* What you have to do: Once you reach the line with "Happy Birthday Colbi Enjoy Cat Meme" below, copy each line exactly, stopping after the line with "Signpost on the", and skip any pictures.

* Data for this exercise:
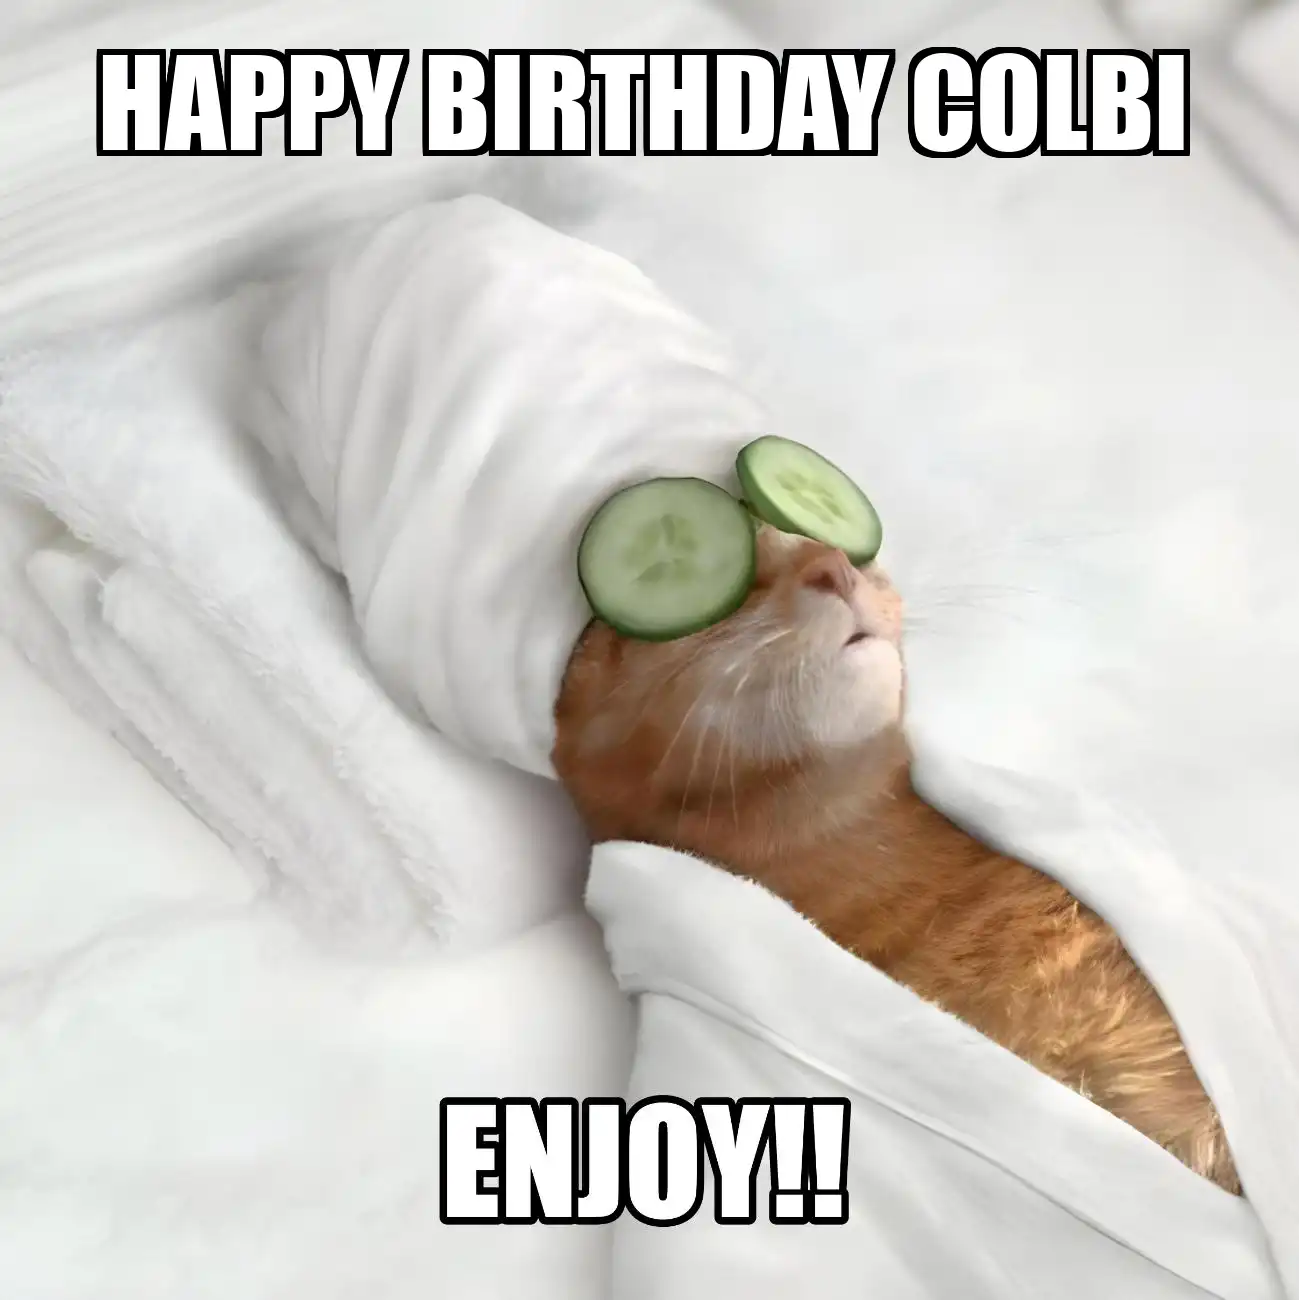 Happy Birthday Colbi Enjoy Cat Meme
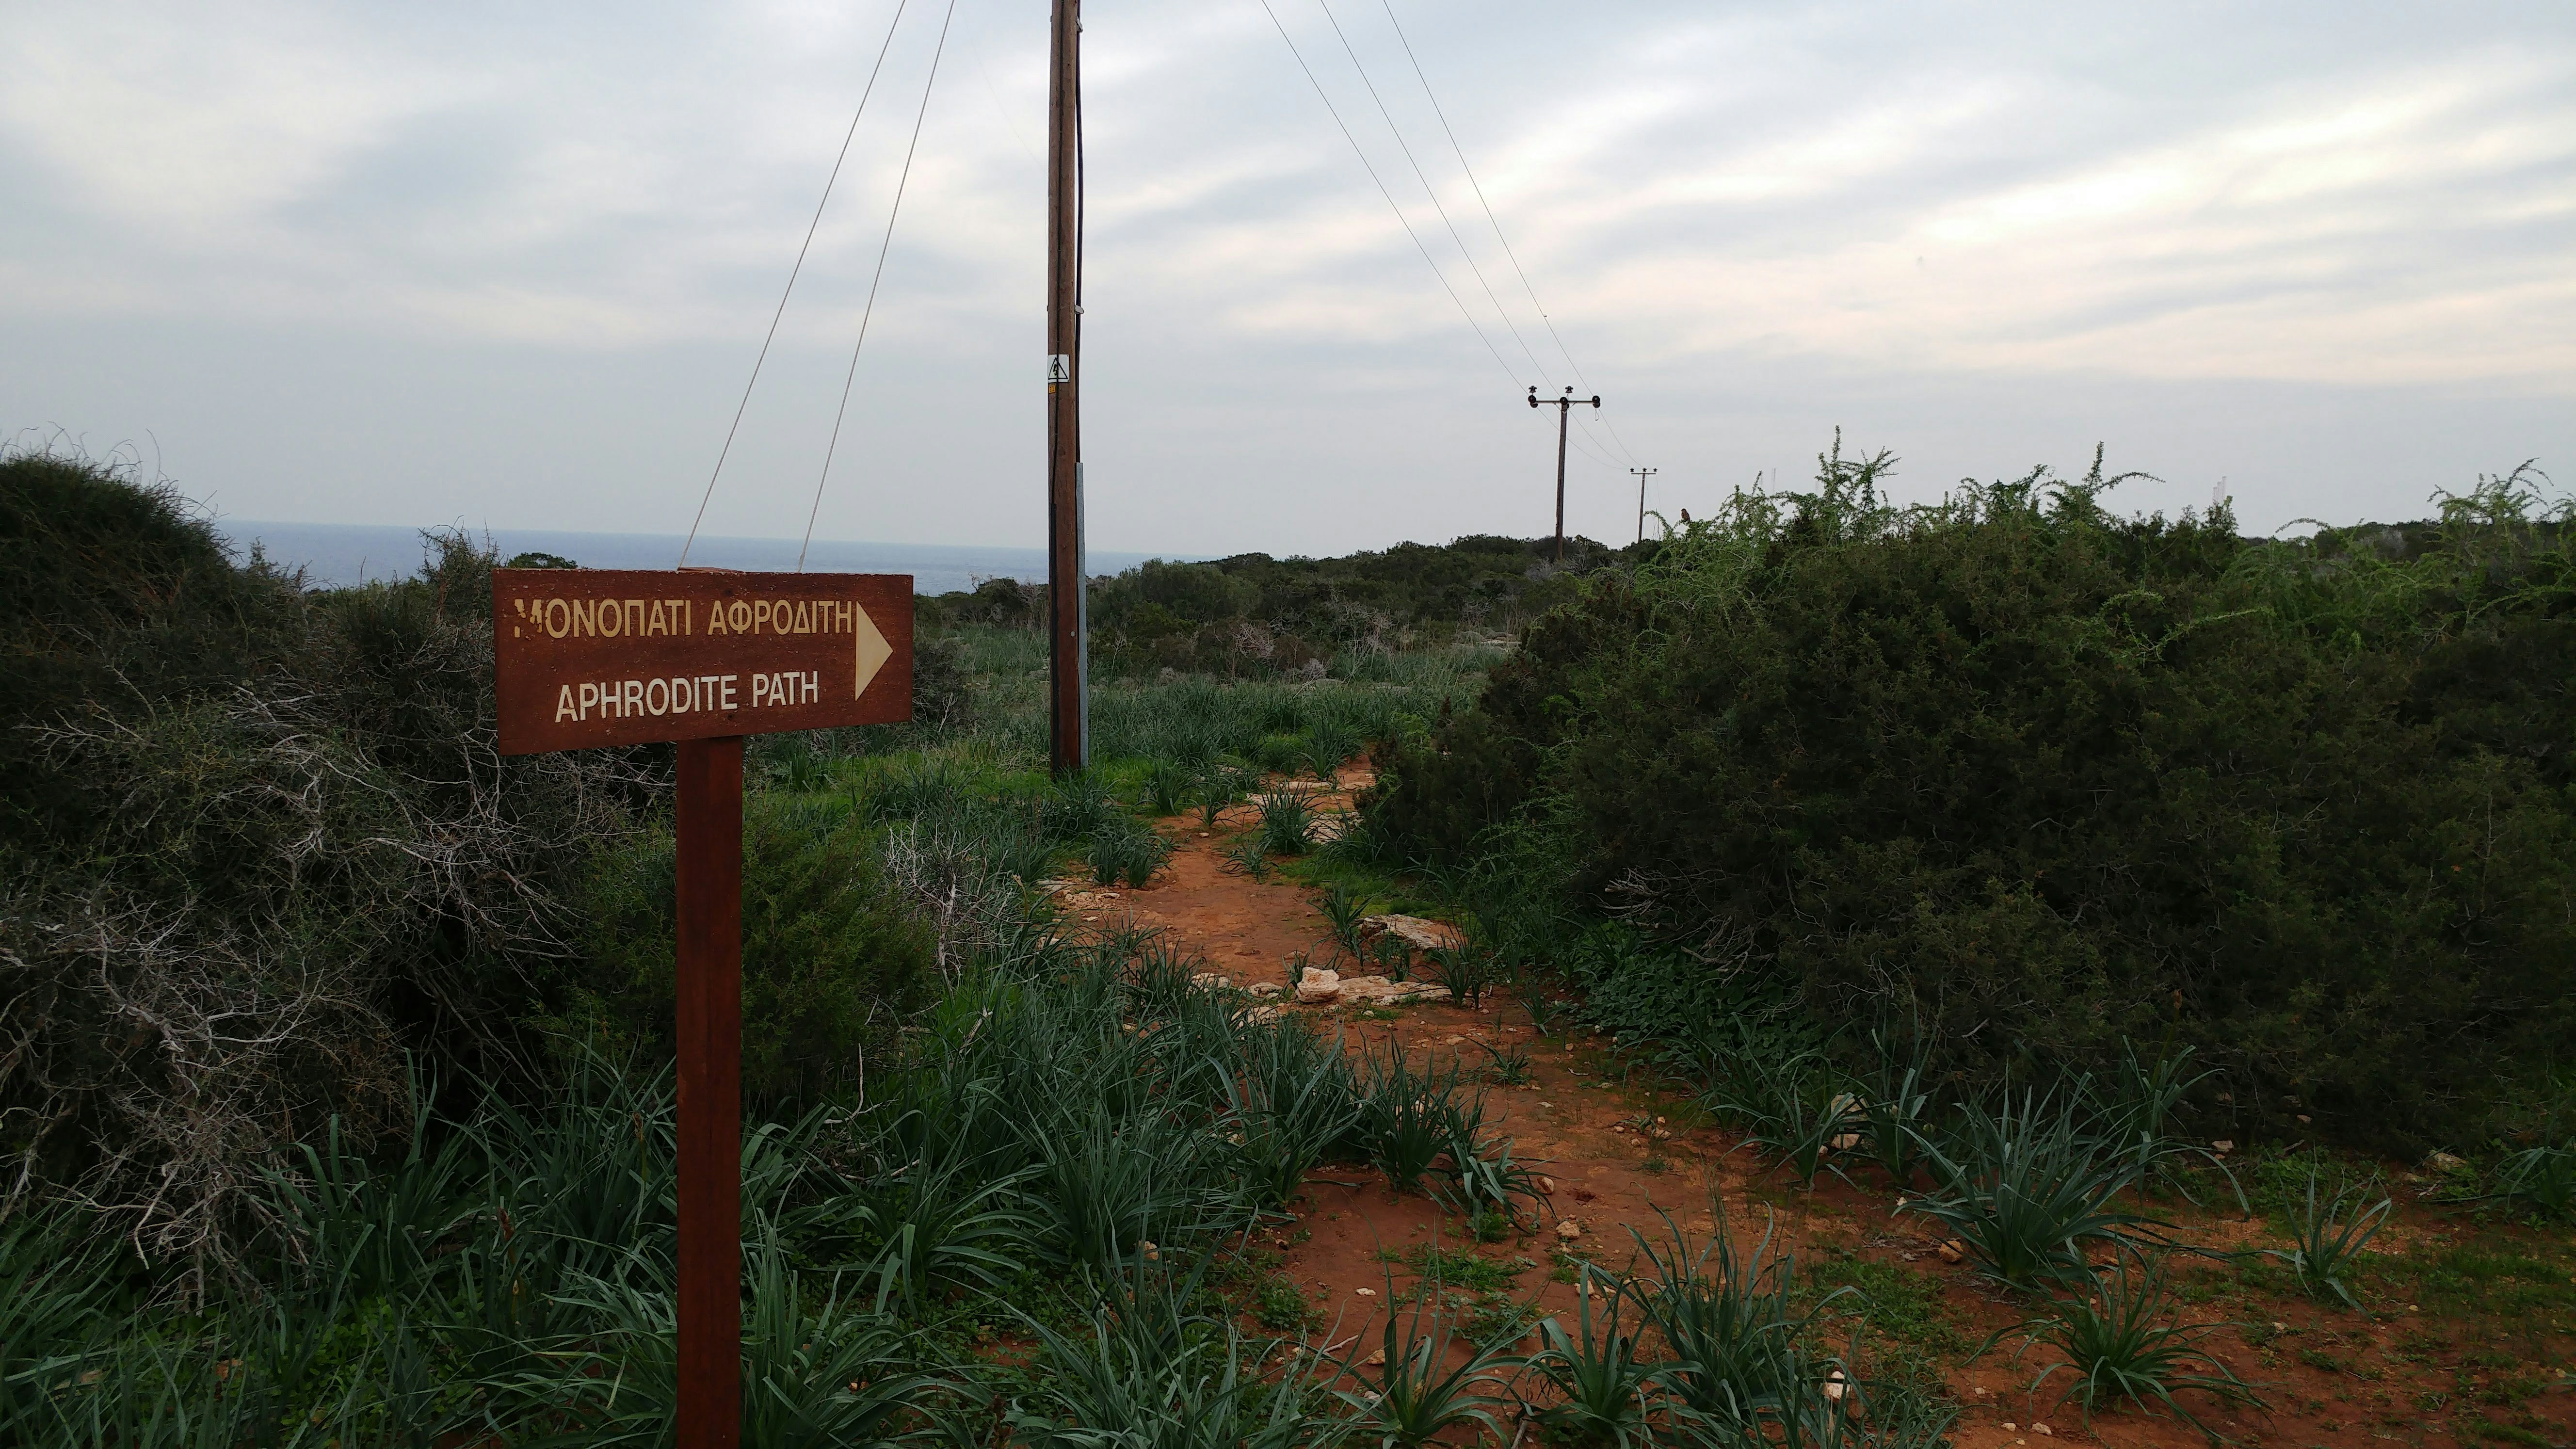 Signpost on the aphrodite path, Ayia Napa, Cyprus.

---

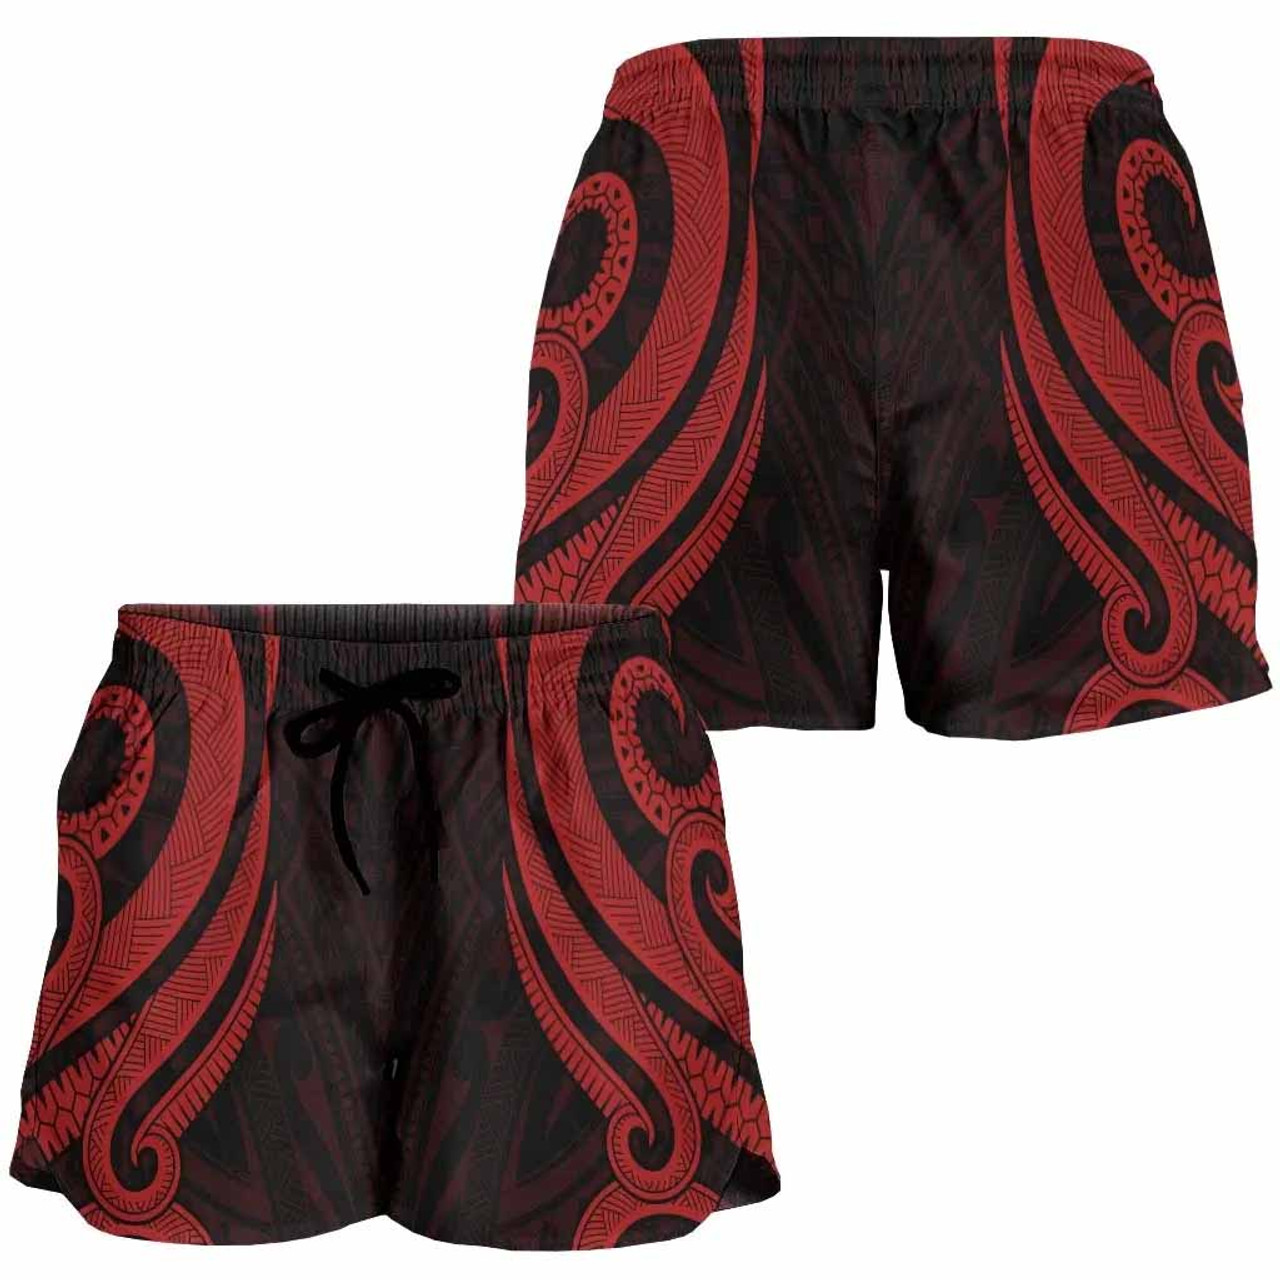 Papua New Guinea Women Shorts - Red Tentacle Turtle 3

---

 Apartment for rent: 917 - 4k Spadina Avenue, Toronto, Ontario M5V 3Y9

* Result for this exercise:
 Happy Birthday Colbi Enjoy Cat Meme
 Signpost on the aphrodite path, Ayia Napa, Cyprus.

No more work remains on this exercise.